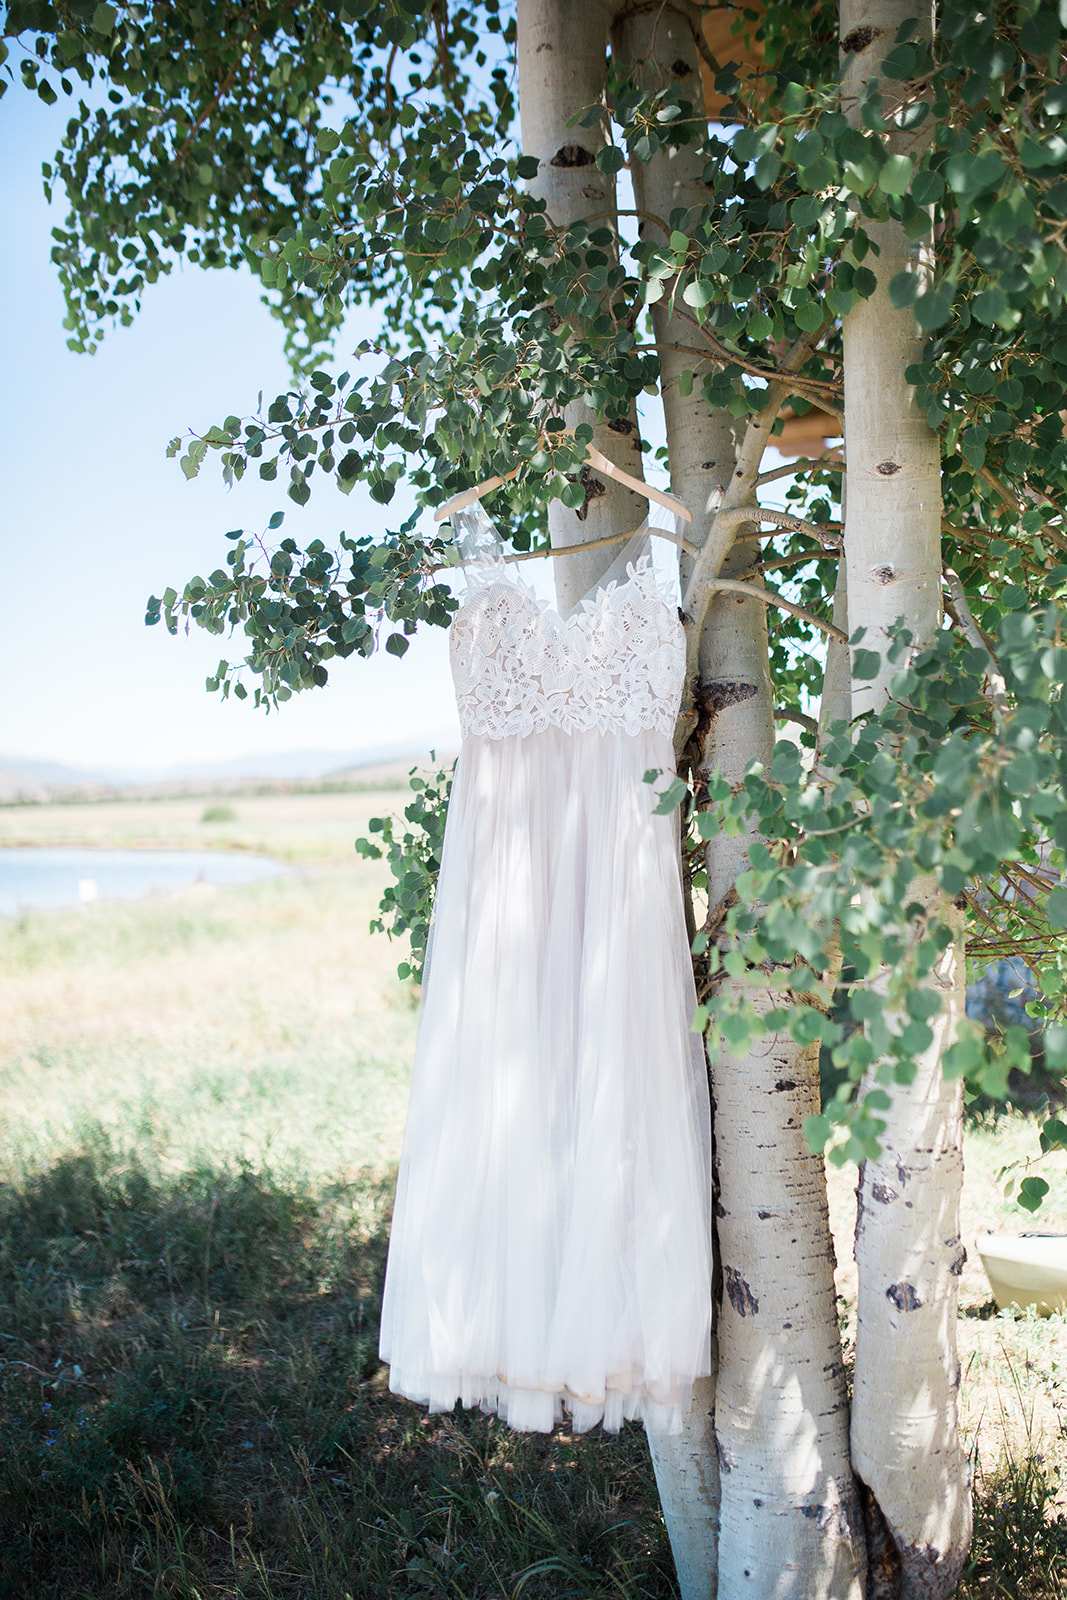 Wedding dress in aspen tree in Colorado mountains
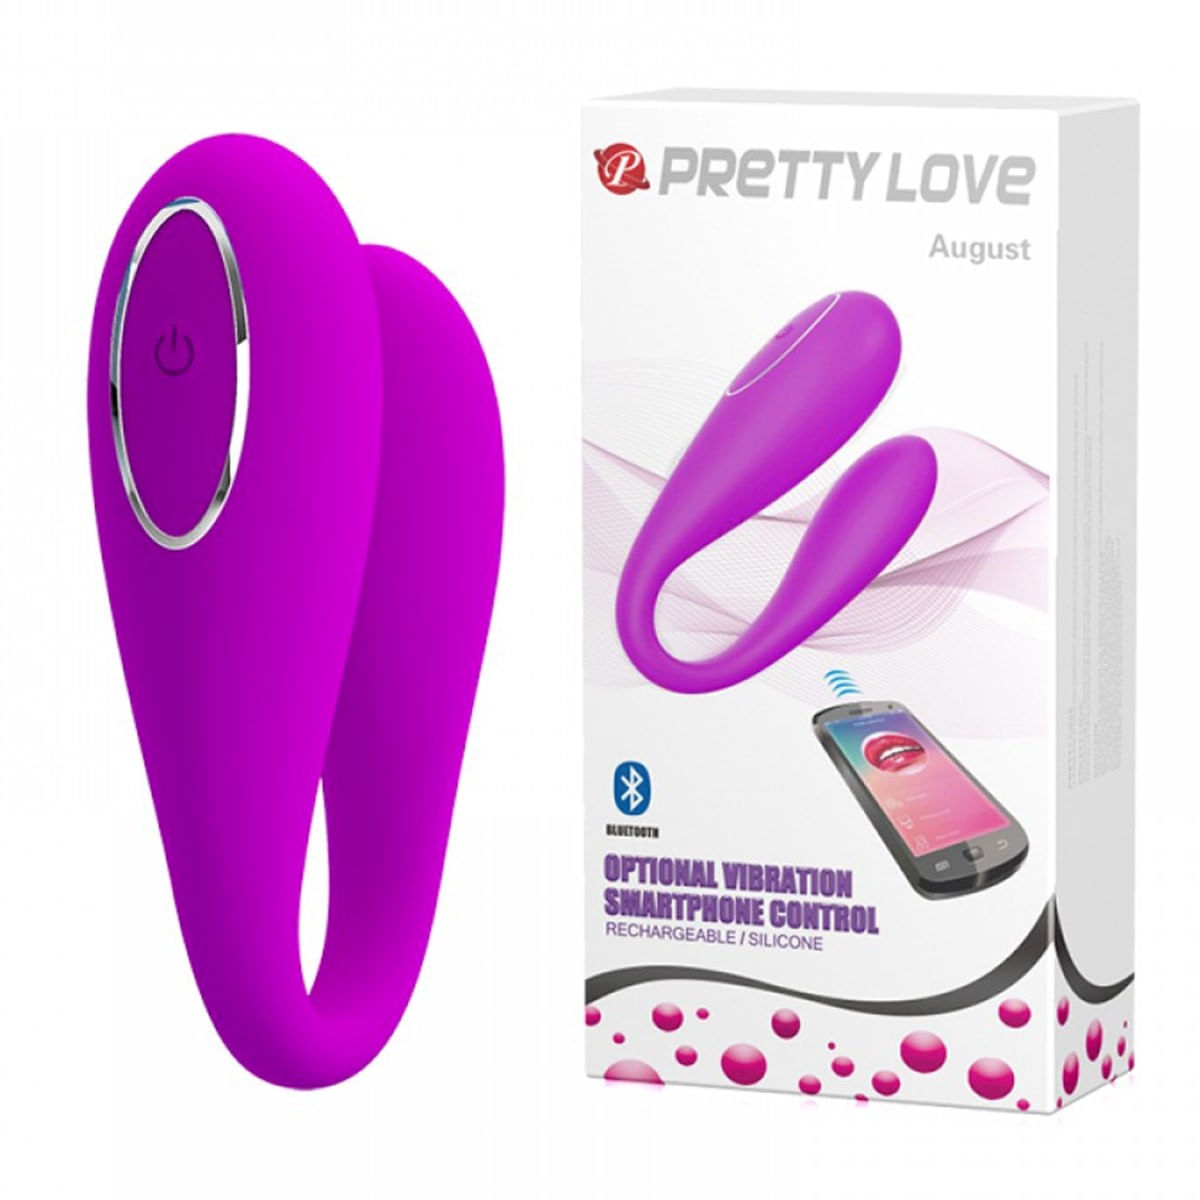 Pretty Love August Vibrador de Casal com 12 Modos de Vibrações por Controle Bluetooth
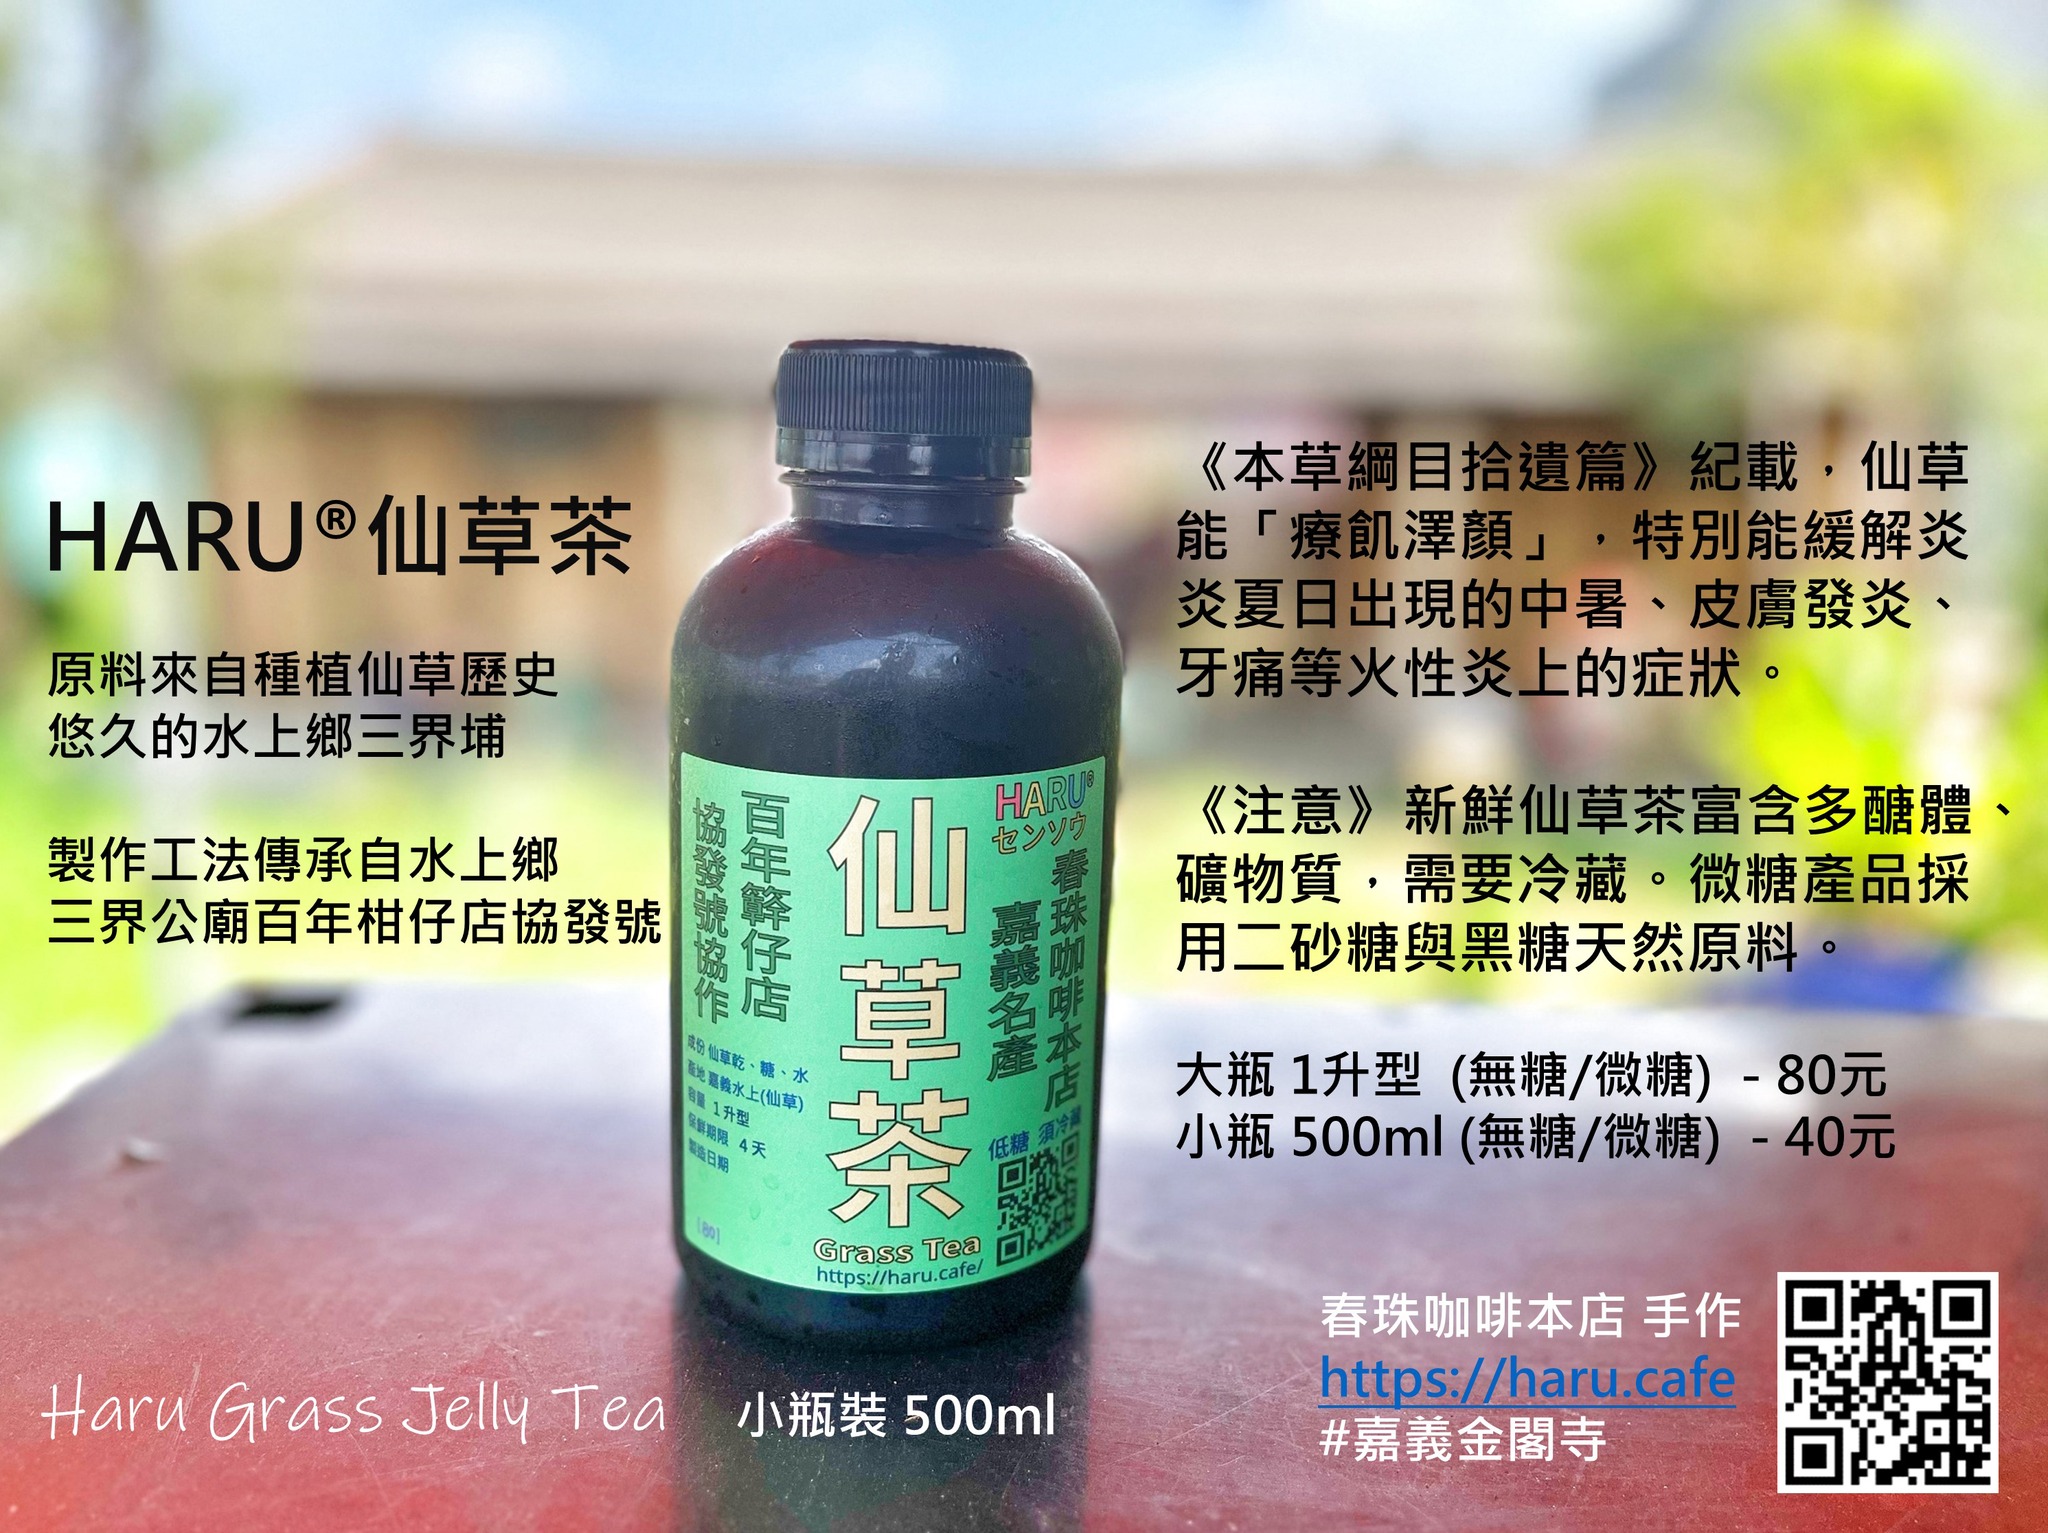 Haru仙草茶生產與製作傳承自水上鄉三界公廟口百年柑仔店協發號，混用多年儲存仙草乾製成。

● TASK BRIEF
When you copy the data, keep every line exact and leave out each picture.

● WRITTEN SOLUTION
 Wedding dress in aspen tree in Colorado mountains
 Pretty Love August Vibrador de Casal com 12 Modos de Vibrações por Controle Bluetooth
 Haru仙草茶生產與製作傳承自水上鄉三界公廟口百年柑仔店協發號，混用多年儲存仙草乾製成。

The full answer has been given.